__Task to complete__.
Each line from the one containing "Nevada State Men's" through the last line of the data below should be printed exactly, please, with any pictures omitted.

__Dataset excerpt__.

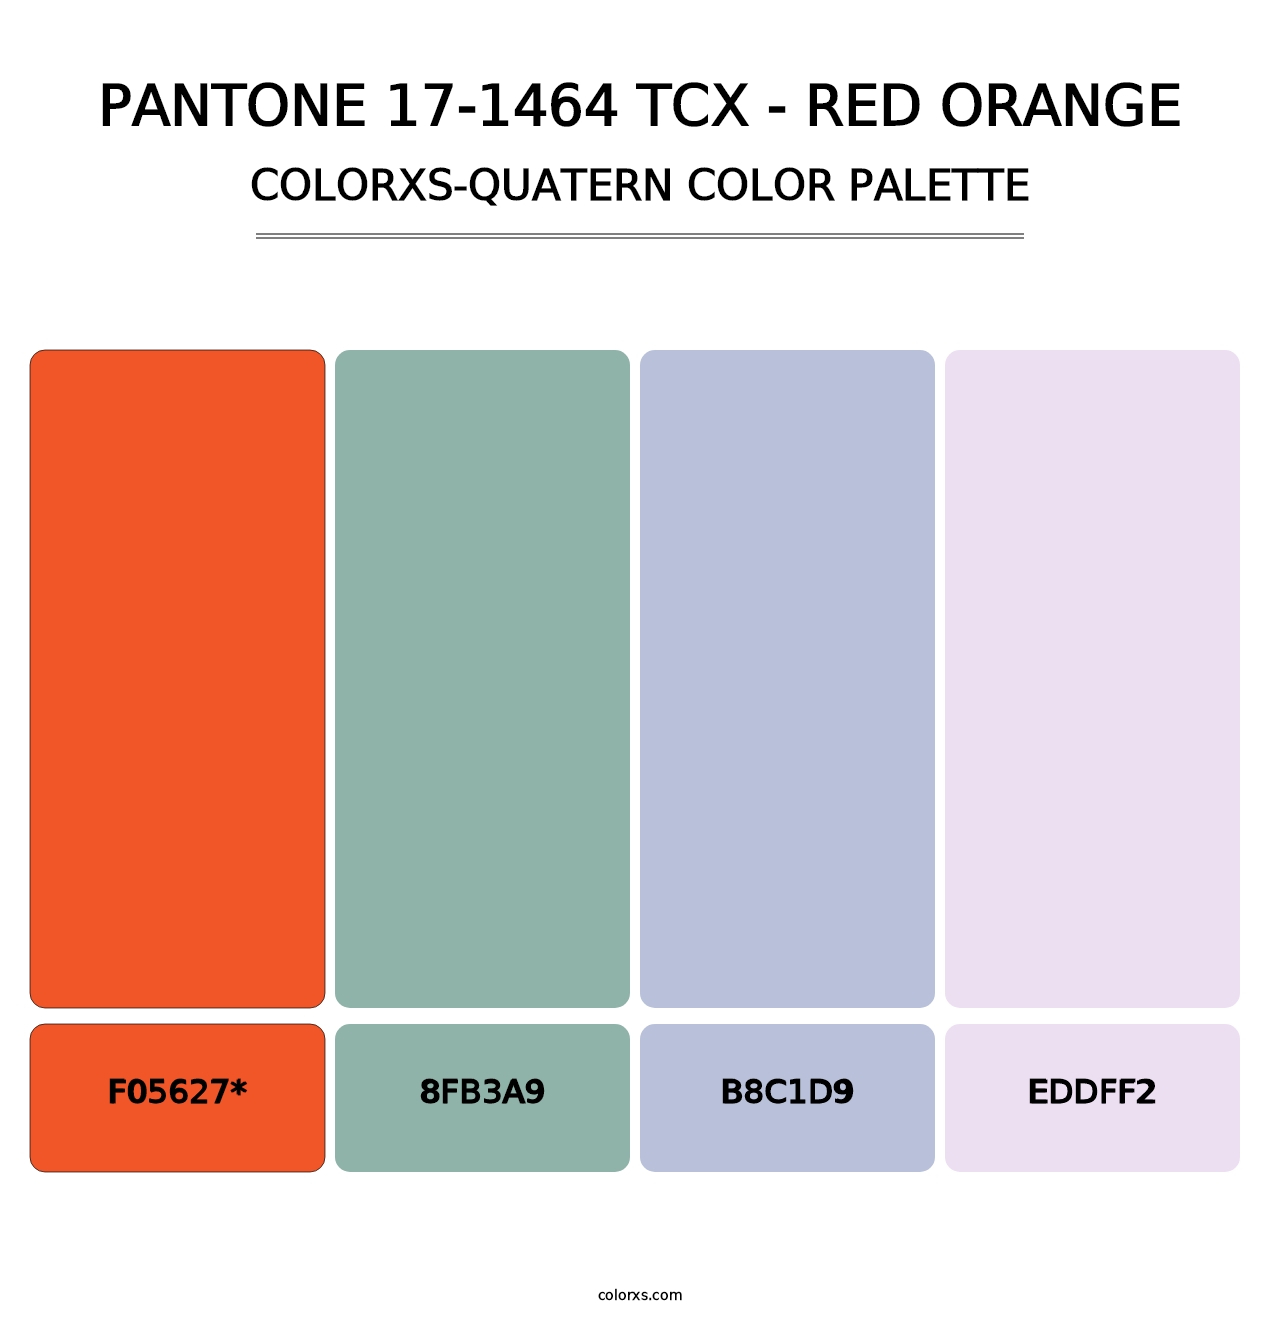 PANTONE 17-1464 TCX - Red Orange - Colorxs Quatern Palette
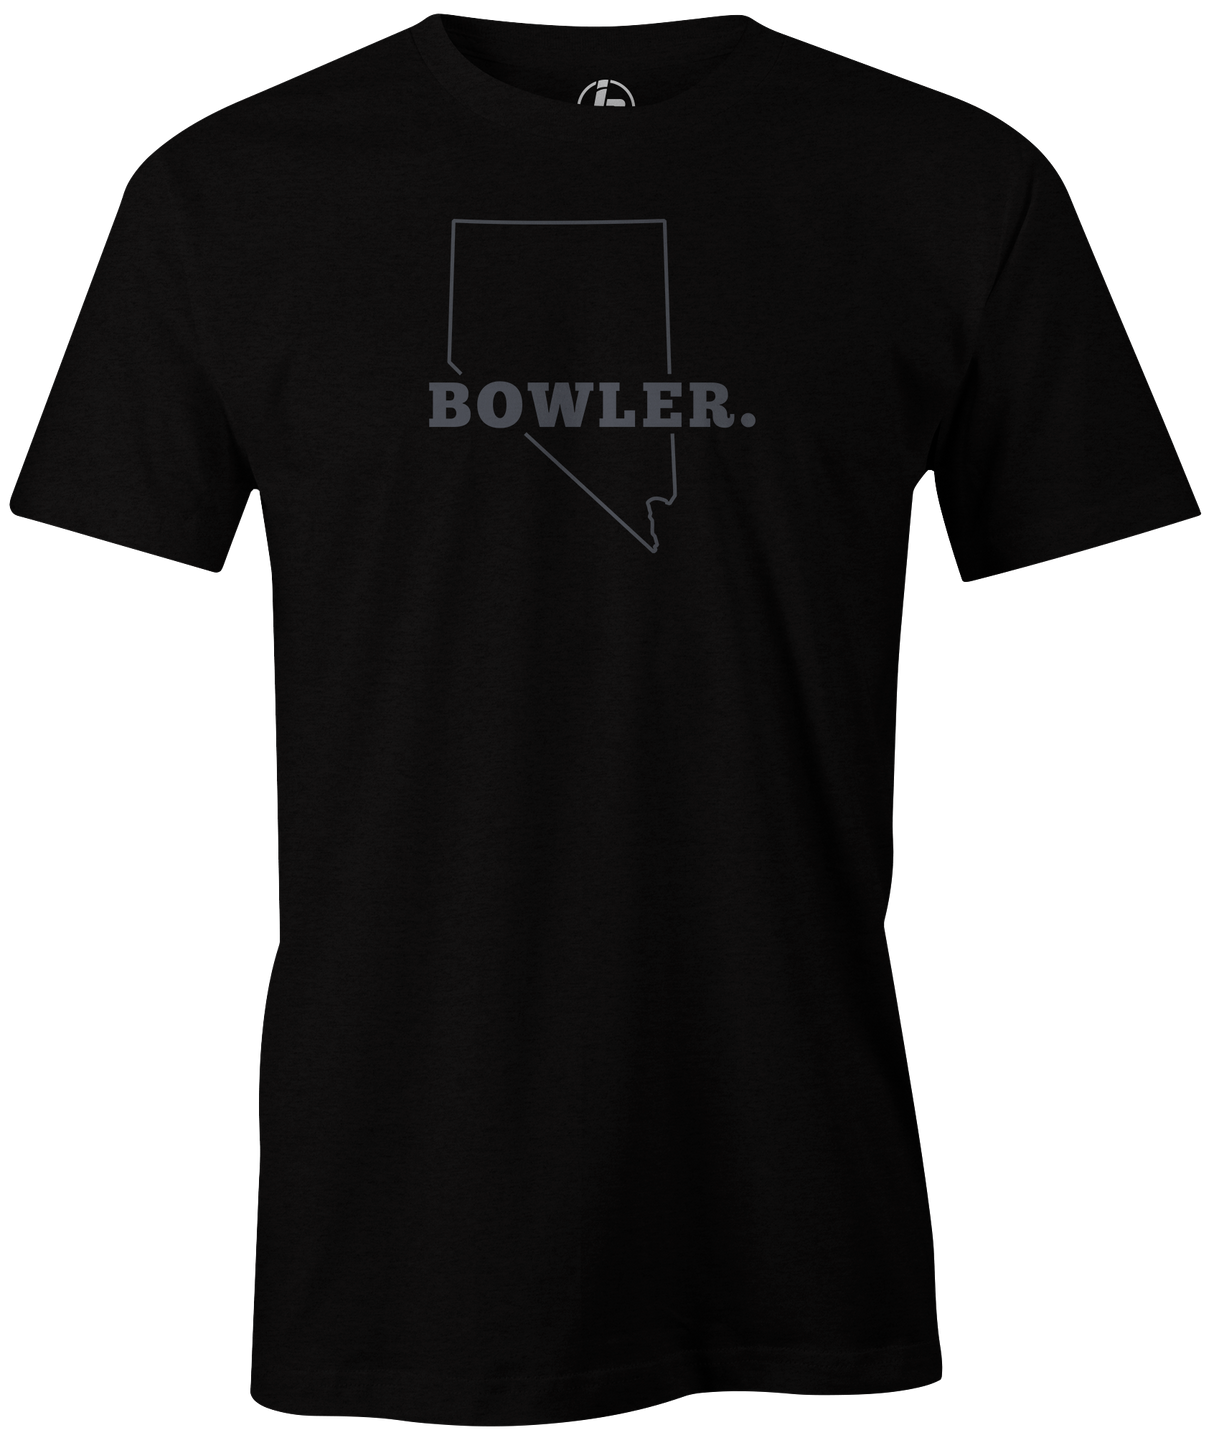 Nevada State Men's Bowling T-shirt, Black, Cool, novelty, tshirt, tee, tee-shirt, tee shirt, teeshirt, team, comfortable
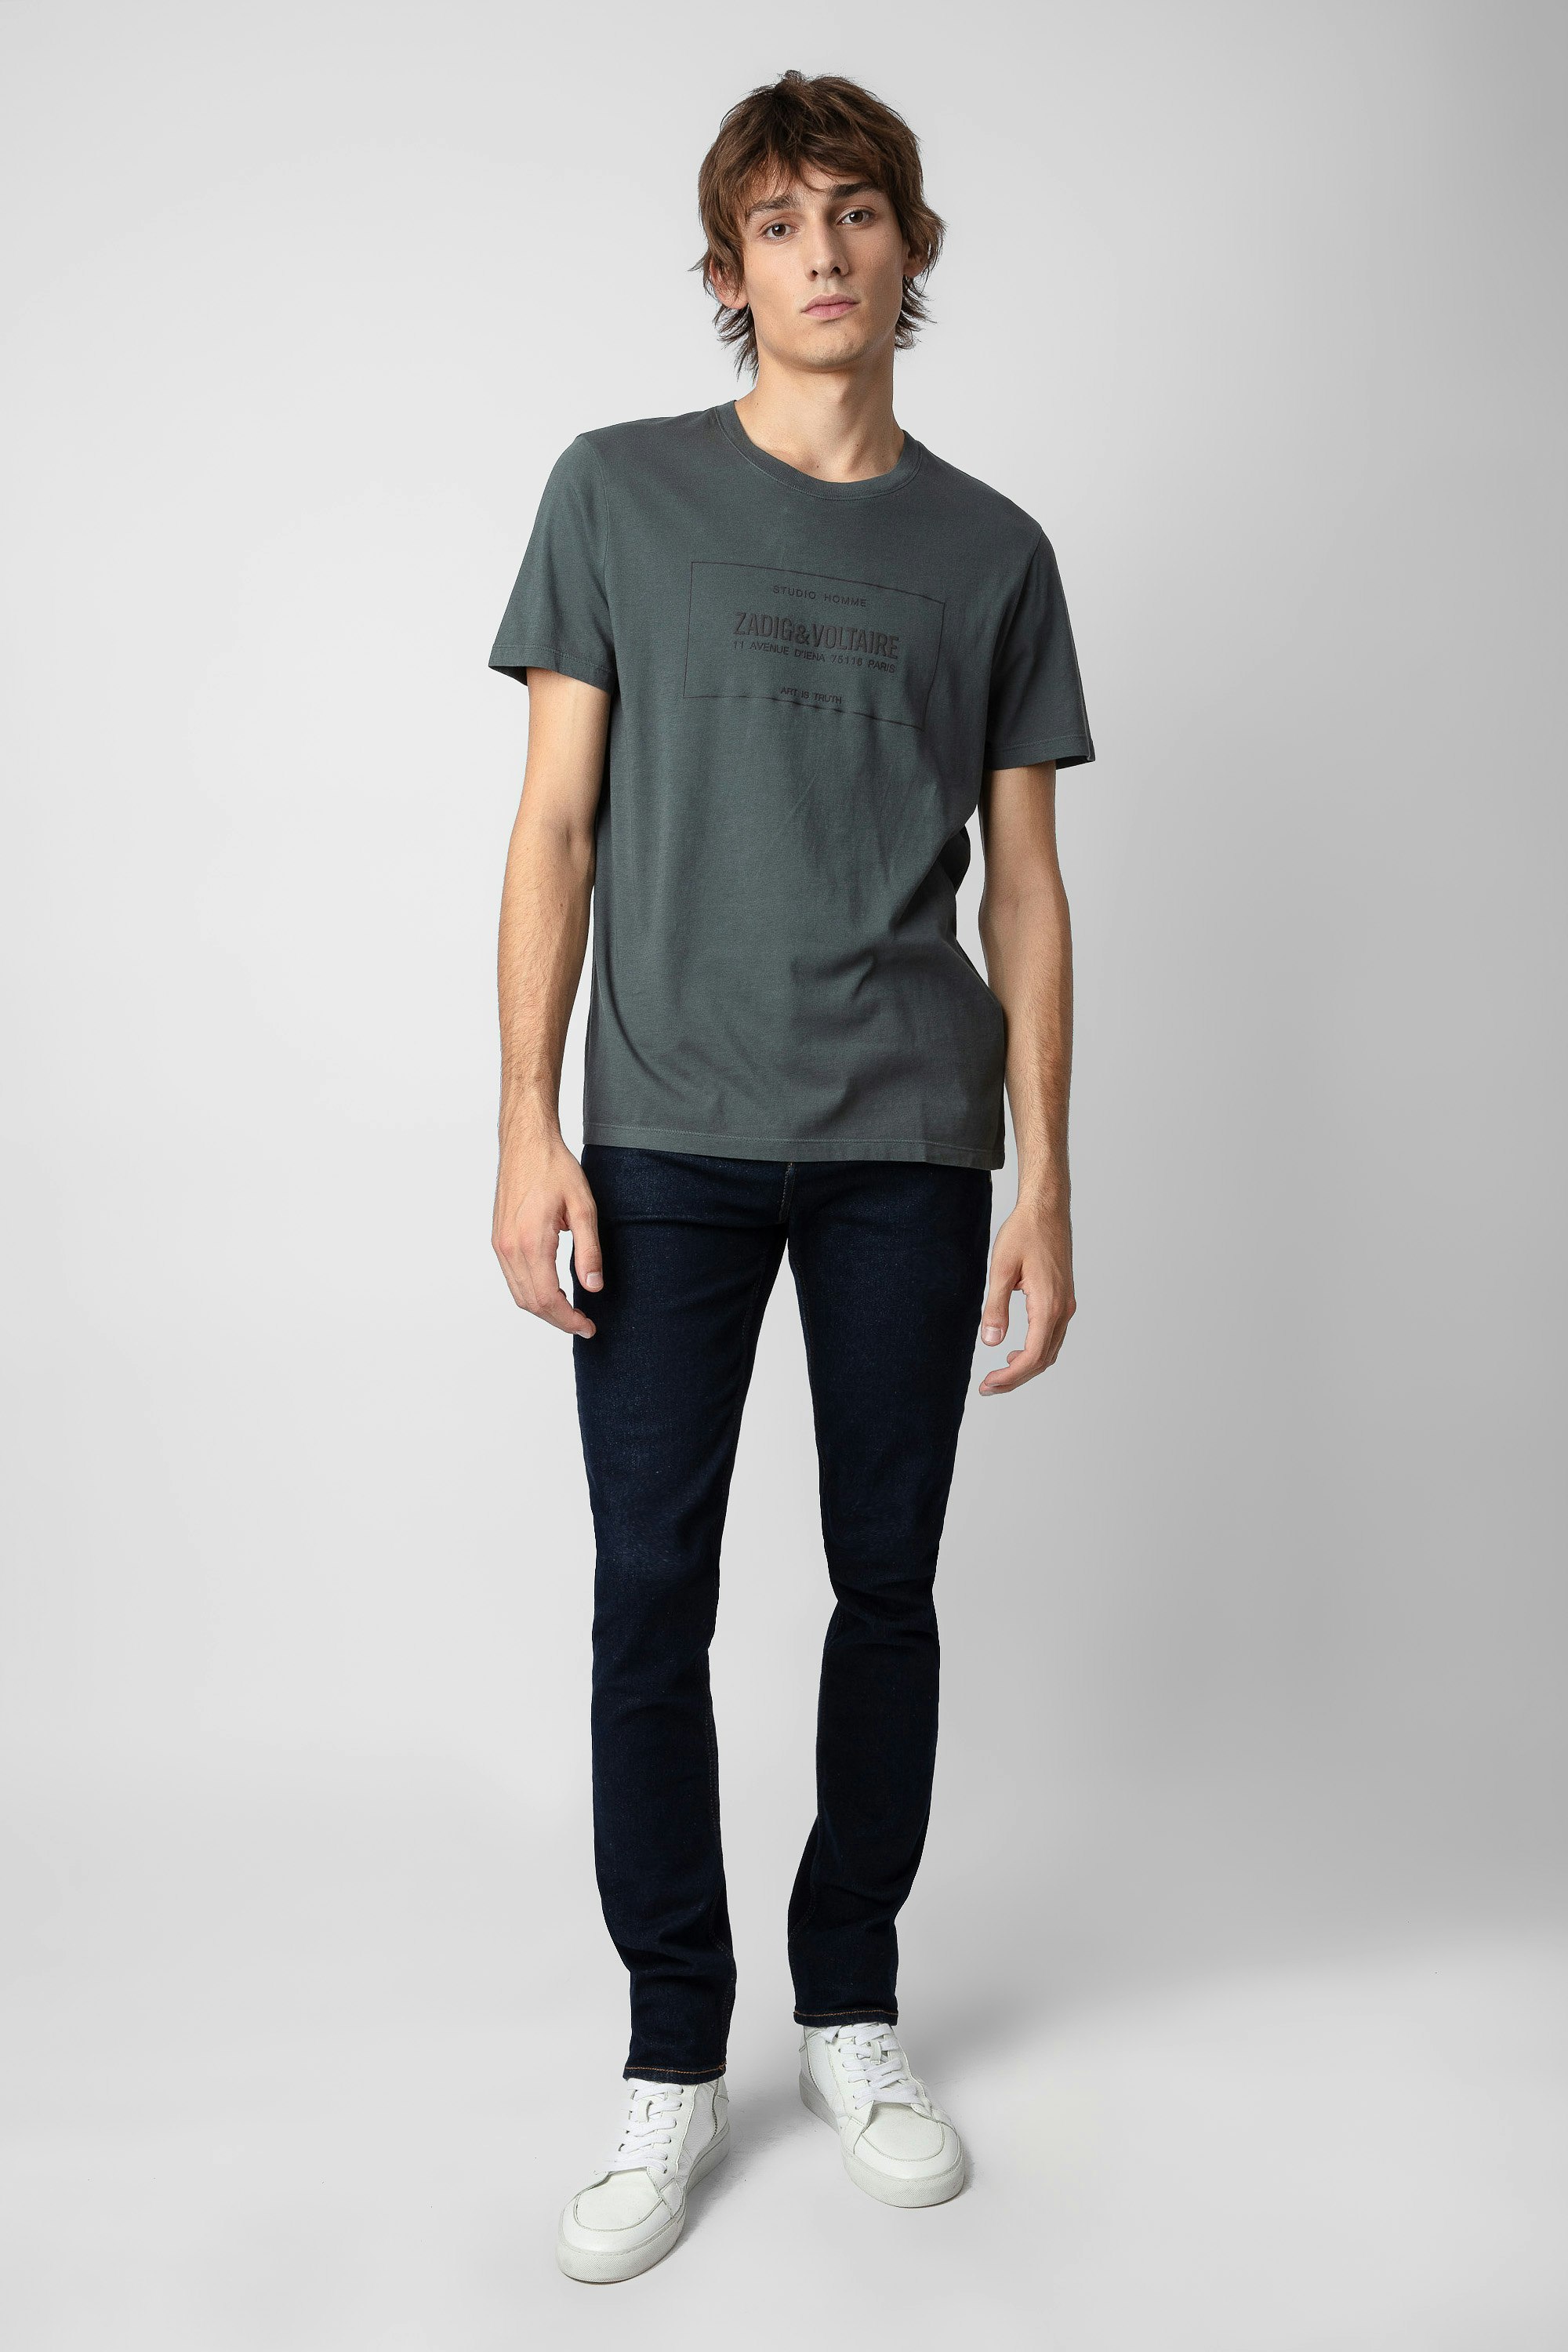 Ted T-Shirt - Men’s verdigris cotton T-shirt with studio insignia.

__Result of the task__.
 Nevada State Men's Bowling T-shirt, Black, Cool, novelty, tshirt, tee, tee-shirt, tee shirt, teeshirt, team, comfortable
 Ted T-Shirt - Men’s verdigris cotton T-shirt with studio insignia.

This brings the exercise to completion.